I have a hard time talking about Katharine Hepburn movies without relating this story, so bear with me: I saw The Aviator with my brother Matt, and neither of us were really taken with it, though perhaps for different reasons (IIRC, I thought Scorcese was ill-equipped to understand the engineer part of Howard Hughes; he found the stylization annoying). This was part of the conversation we had on the way out:

Matt: ... and just what the heck was Cate Blanchett doing?

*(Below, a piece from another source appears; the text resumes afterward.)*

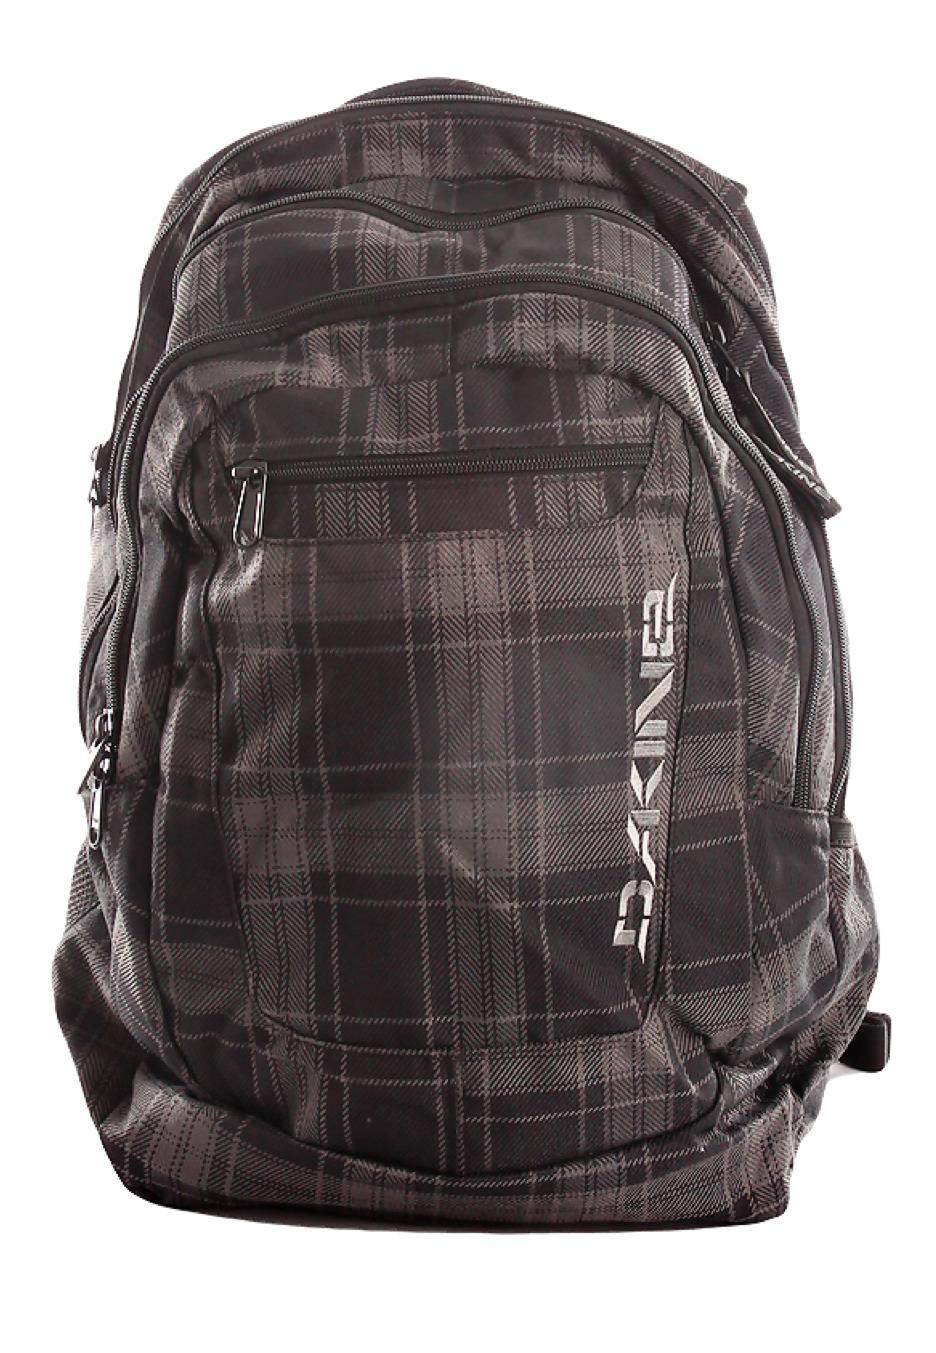 Dakine - Element Pack Northwood - Backpack - Impericon.com Worldwide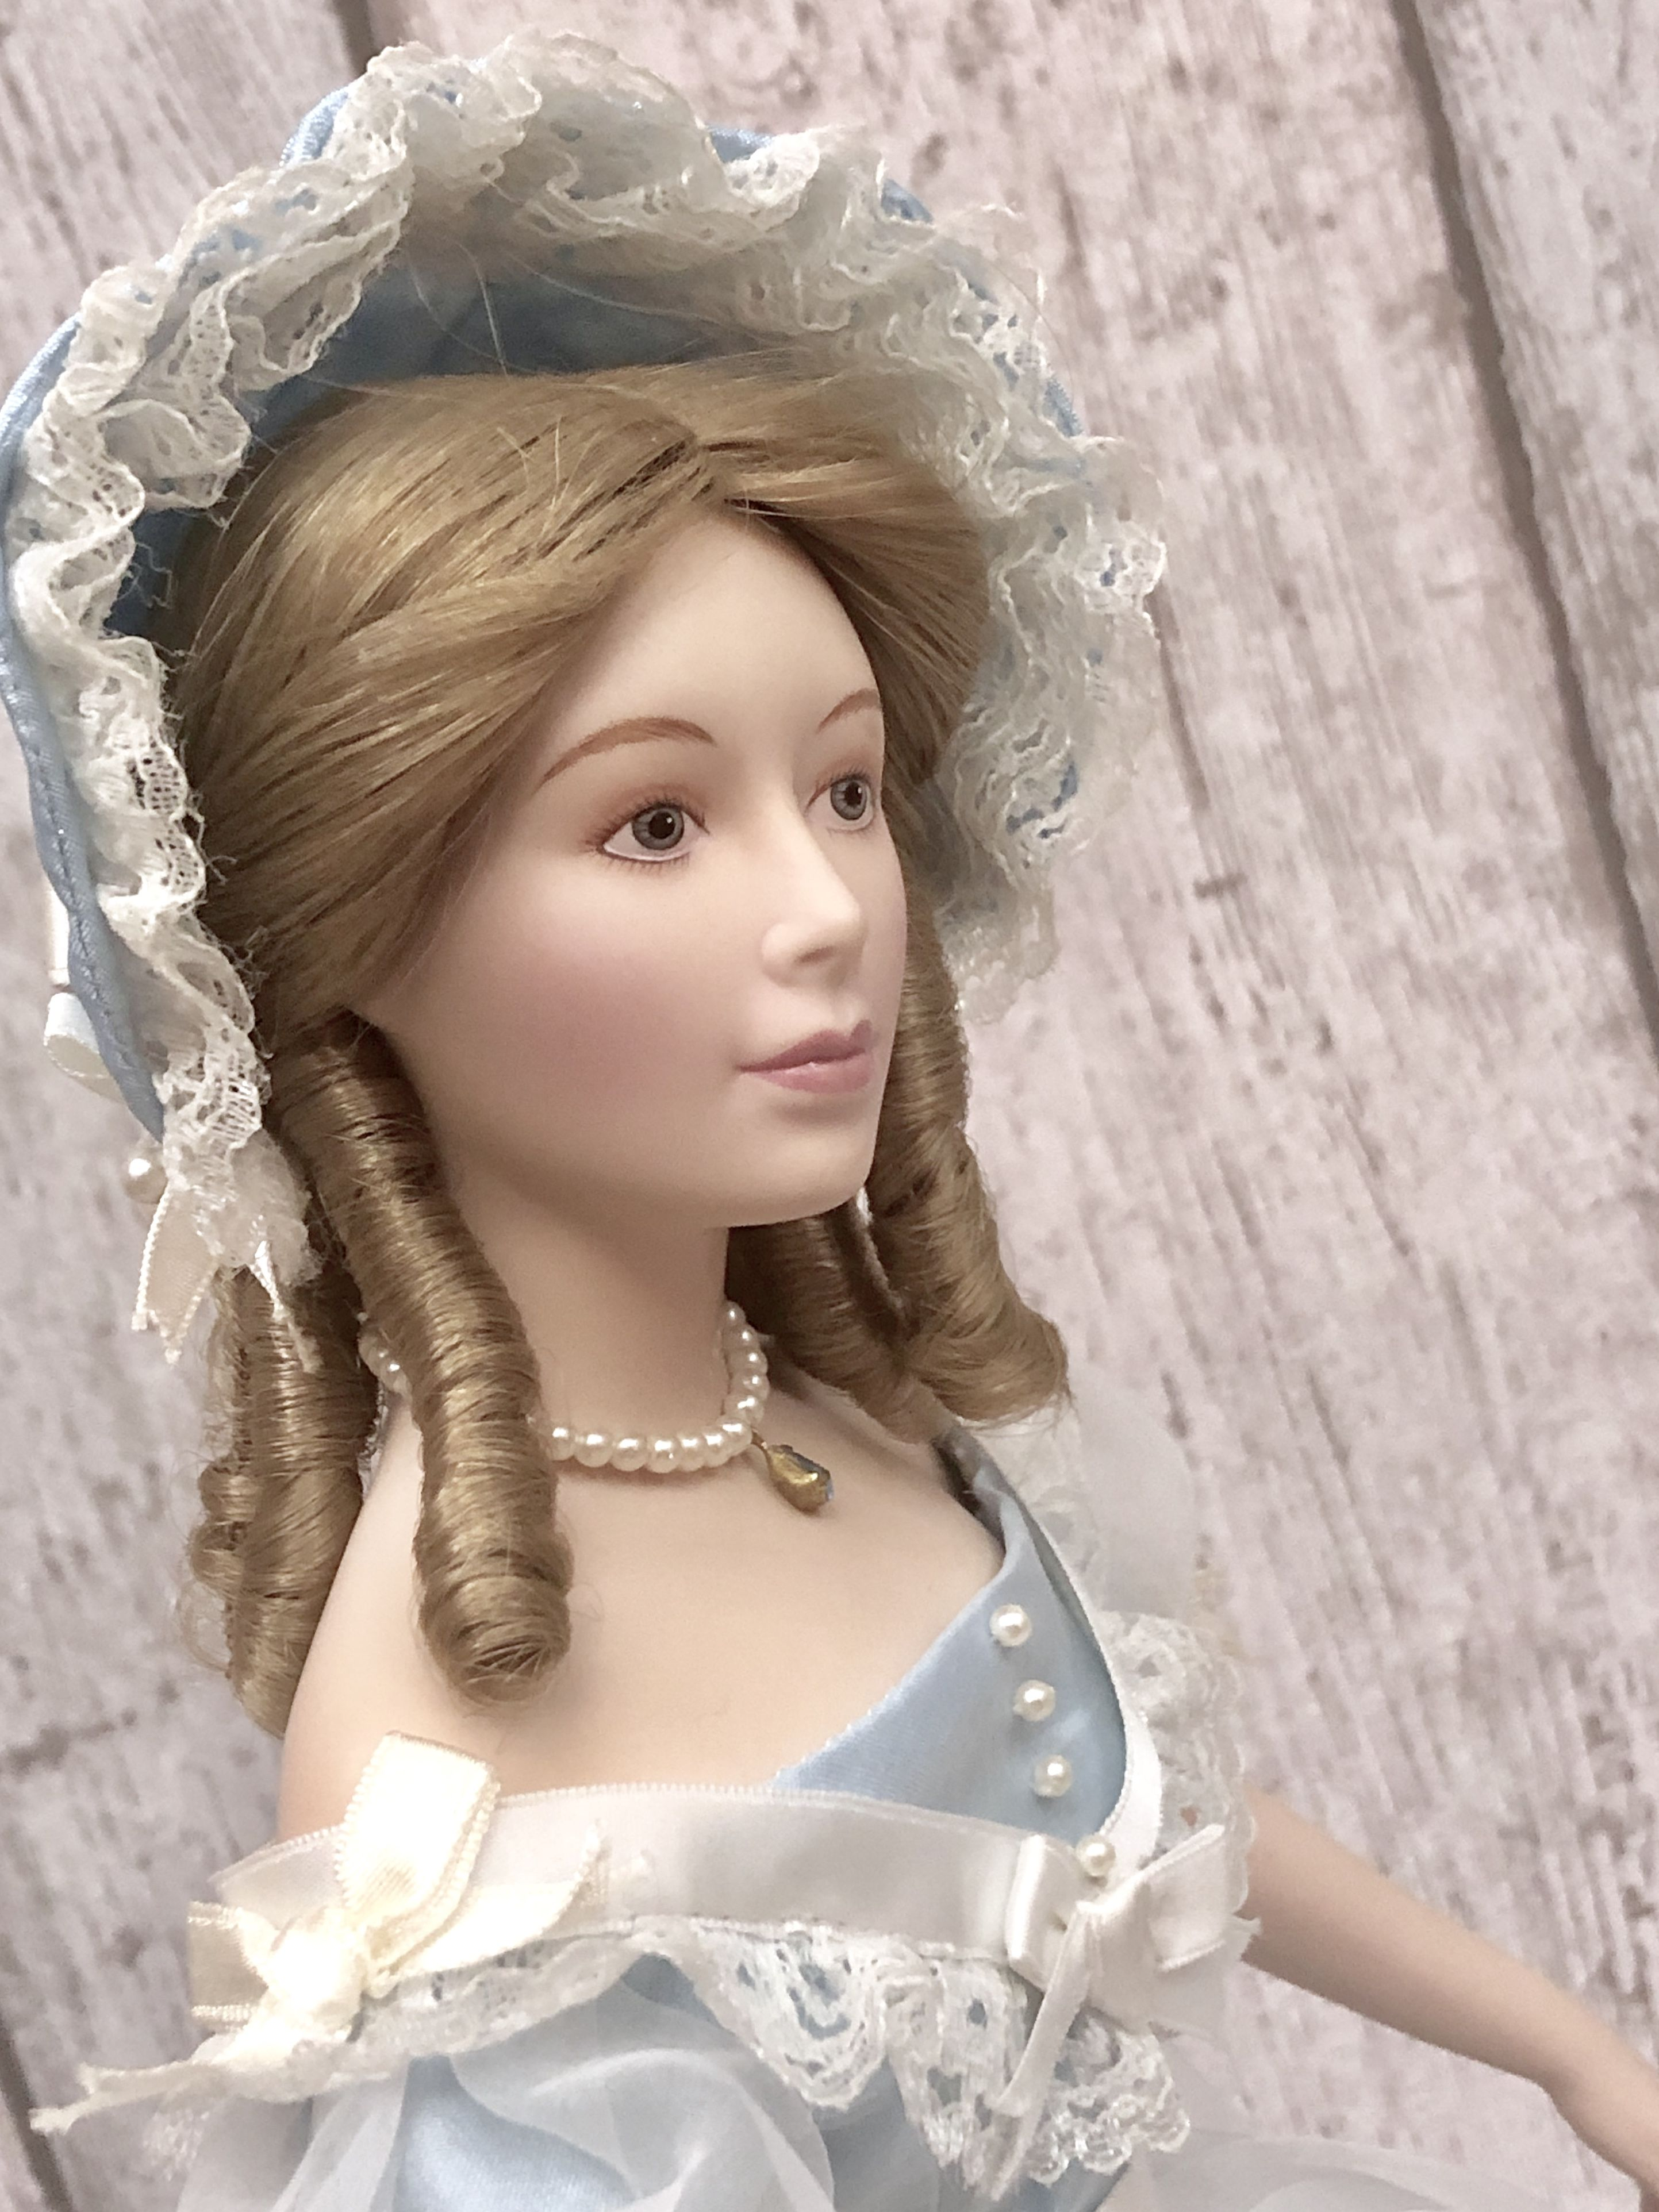 Poppy Parker: Believe in Me | Glam doll, Poppy parker

Jay: Have you ever seen a Katharine Hepburn movie?

Matt: No.

Jay: They're like that. All of 'em.

That's a bit of an exaggeration, but Hepburn is unmistakably a distinctive personality on-screen, and it was interesting to see just how fully-formed that was in A Bill of Divorcement, her first movie. According to the introduction, that's just the way she was, brash and extraordinarily sure of herself, even when auditioning for her first film role; fortunately, George Cukor really liked that. It's an acting style and personality that makes for easy caricature or dismissal until you've seen just how much she can do with it, and although I'm not making flippant comments about her any more, I hope to get a better appreciation of Kate as ArtsEmerson's "Kate the Icon, Katharine the Iconoclast" series continues.

The series is looking like a good one; it started last weekend with this and Little Women and will run weekends through the rest of the year, showcasing her movies in roughly chronological order. A Bill of Divorcement was a special treat, as it was an archive print of a movie not readily available on video (at least in Region 1/A), which is kind of surprising: Not only is it Hepburn's first (and, as such, her first collaboration with George Cukor), but also features John Barrymore and Billie Burke (whose return to film after a decade-long absense in which the industry changed focus from silent shorts to talking features is an interesting story in and of itself). I'm not sure who owns this part of the Selznick library (Universal?), but it seems like prime material for at least a Warner Archive-style release.

Anyway, what's interesting to me is that it's one of the few times Hepburn has really seemed young to me; the image of her in my mind is the middle-aged spinster of The African Queen, and even in her 1930s romantic comedies, she seems to have needed a little time to accumulate her eccentricities. This is her as an ingenue, at least to start, and she proves to be pretty good at it.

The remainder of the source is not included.